Section 11 defines the scope of “statement or publication” for sections 9 and 10 to include “internet,” “electronic media,” and “other form of public notice or dissemination.” This definition confirms that online commentary, social media posts, and digital content fall within these offences.
Section 53 grants investigative access to telecommunications, satellite, digital service, and data service providers. Police may obtain orders requiring disclosure of information about services provided, data stored or archived, and records of uploading or downloading. This provision operates alongside section 55 but targets service providers rather than encrypted content directly. For example, Starlink services in Sri Lanka were recently only enabled after data interception capabilities were ensured9. This can be read as a measure that prefigured the publication of the Protection of the State from
Terrorism Act, No. of 2026 draft, and is clearly enabled by it.

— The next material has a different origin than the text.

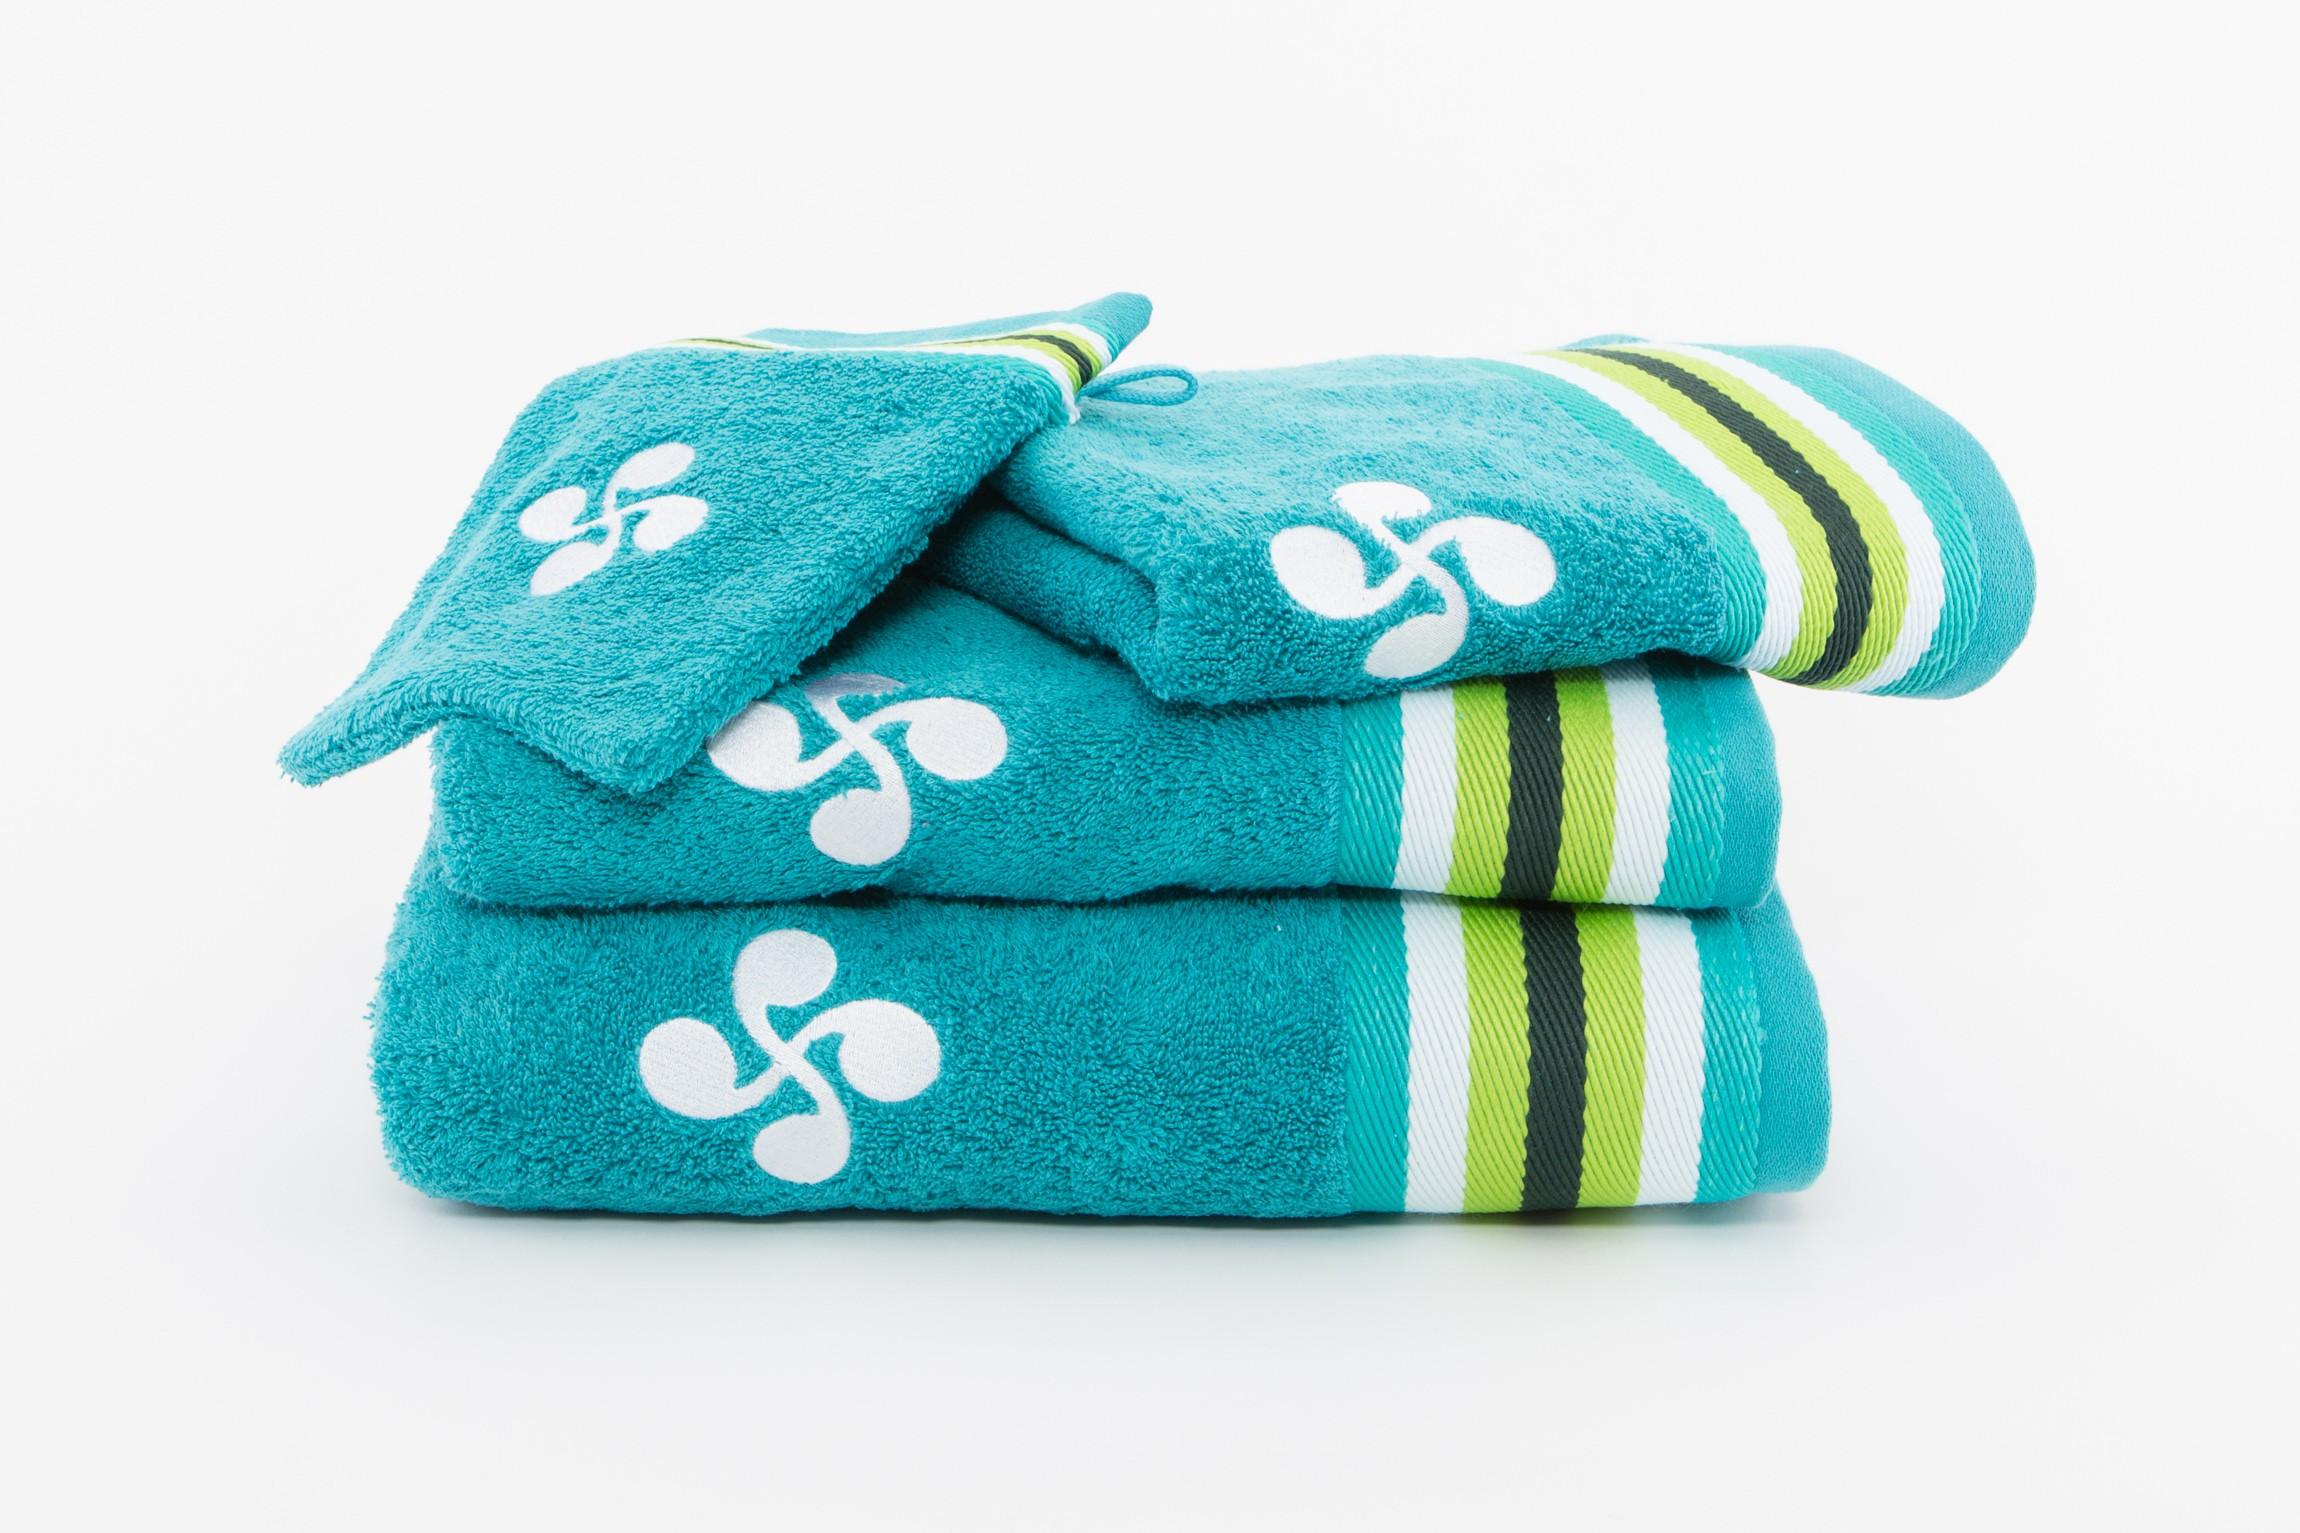 drap de bain turquoise galerie de garazi. Black Bedroom Furniture Sets. Home Design Ideas

Implications for E2EE communications
Section 55(1)(a) specifically addresses encryption by authorising orders “directing any person who provides locking or encryption services pertaining to any communication or storage services or equipment for any data or information or other thing, to unlock or unencrypt the service or equipment and provide information contained therein.” This language raises significant concerns for E2EE platforms where the provider may not possess decryption keys by design. The bill assumes technical capability that doesn’t exist with some, leading, strong E2EE implementations, and apps (like the Signal or Session apps for example).
Very limited guardrails
Section 11(1) provides exceptions for content “published in good faith with due diligence for the benefit of the public or in the national interest” and “opinion, legitimate criticism, satire, parody, caution or imputation made in good faith.” These carve-outs offer some protection for journalistic and political speech, though “good faith” remains undefined, and subject to partisan, political, prosecutorial and judicial interpretation, especially given Sri Lanka’s history of judicial, and institutional capture.
The bill requires magisterial approval for most surveillance powers under section 55, and ex parte applications may be heard in camera. However, the threshold for obtaining such orders (“reasonable grounds to suspect”) is low, potentially leading to loose, and wide application (arguably, and as noted earlier, asymmetrically implicating, and injuriously impacting minority communities, especially in the North, and East).